The work on The Sonograph EP settles in nicely with the rest of the Early Day Miners’ catalog – no changes of direction here – but it also has an insubstantial, dashed-off quality about it, making the six songs here the sort of experimental recordings routinely left off of full-length albums and of interest primarily to those who already feel that they have something invested in the band. Given it’s short running time, released within a calendar year of their previous full-length album (last year’s Jefferson at Rest, on which the Early Day Miners moved away from the country slowcore for which they are known) and released on a European label with limited distribution here in the United States, I am guessing that The Sonograph EP was compiled without lead songwriter Daniel Burton or any of his bandmates feeling pressured to release their most exciting work. Which is not in any way to diminish what’s released on the EP; it’s merely to note that its virtues stem from digging deeper into ground that the band has already covered, and not from the effort to win over or inspire waves of new listeners. If there’s an equivalent in indie rock to the political act of firing up the base, this is it.

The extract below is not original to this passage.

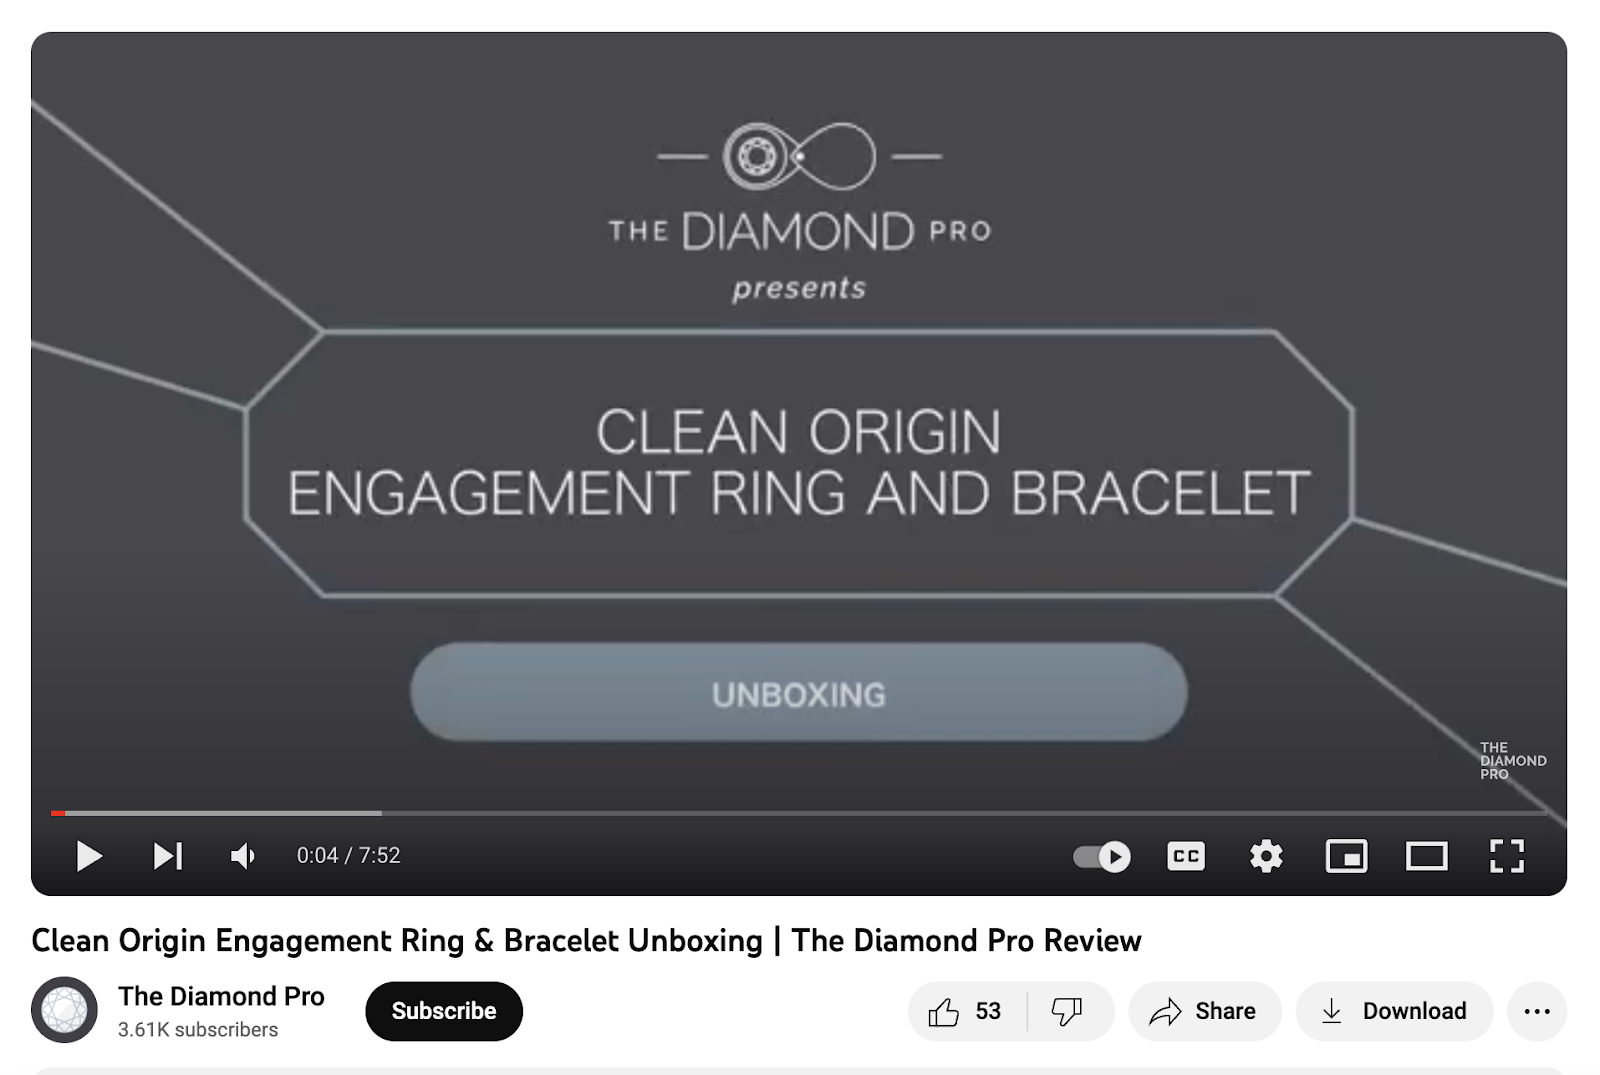 Screenshot of YouTube unboxing video for Clean Origin engagement ring and bracelet

“Albatross” is an almost stereotypical opening song: it’s all unfulfilled build-up. As Burton finishes his most emphatic vocal line and the drum pauses while waiting for the piano and harmonica to re-enter, the song abruptly cuts out, with nary a swelling chorus to fill in the gap. “Perish Room” retreats deep into slowcore and stark minimalism: you can hear the rather distinct sound of calloused fingertips squeaking against guitar strings, and the percussion, just a kick drum and a tambourine, is soft enough to qualify as a philosophical exercise in the limits of percussion. The instrumental “Bijou” sounds like the more rock-oriented material on Jefferson at Rest, and over the course of three minutes it builds momentum in the tried and true way – by bringing in more and more instruments and having them play faster and faster. But its central melody consists of a single guitar figure played at varying speeds that shuts off as it hits its stride. The Early Day Miners’ fascination with film music is evident on “Bedroom, Houston,” and “Mosaic II,” which, like film scores, are enjoyable in five-to-ten second bursts, gaining volume and tempo when needed to underscore a point and otherwise fading innocuously into the background. Indeed, on “Mosaic II” the music even takes a backseat to the familiar ambient background of crickets chirping, a sound that carries over to the final song, “Misrach,” before being buried by an assortment of backwards guitar lines. It’s a strangely melodic piece, considering that most of it sounds like nothing more than hailstones rushing past your head.

Of course, noting that The Sonograph EP is a collection of experiments doesn’t insulate it from the criticism that it’s boring, and that the Early Day Miners are merely toying with arrangements and styles that serious music fans purportedly became bored with by the mid-’90s. Leaving aside for a second the fact that music fans just out of college were in junior high when Low released its first albums – and thus unlikely to have had their fill of slowcore back in the day – The Sonograph EP at least demonstrates that there’s always more to be done, and that merely grasping the idea behind a particular style of playing fails to exhaust its possibilities. It’s faint praise, perhaps, but even when The Sonograph EP is insubstantial and something less than compelling, it at least demonstrates a thoughtful approach. And so noting that it’s of limited interest is not in any way to suggest that it’s uninteresting.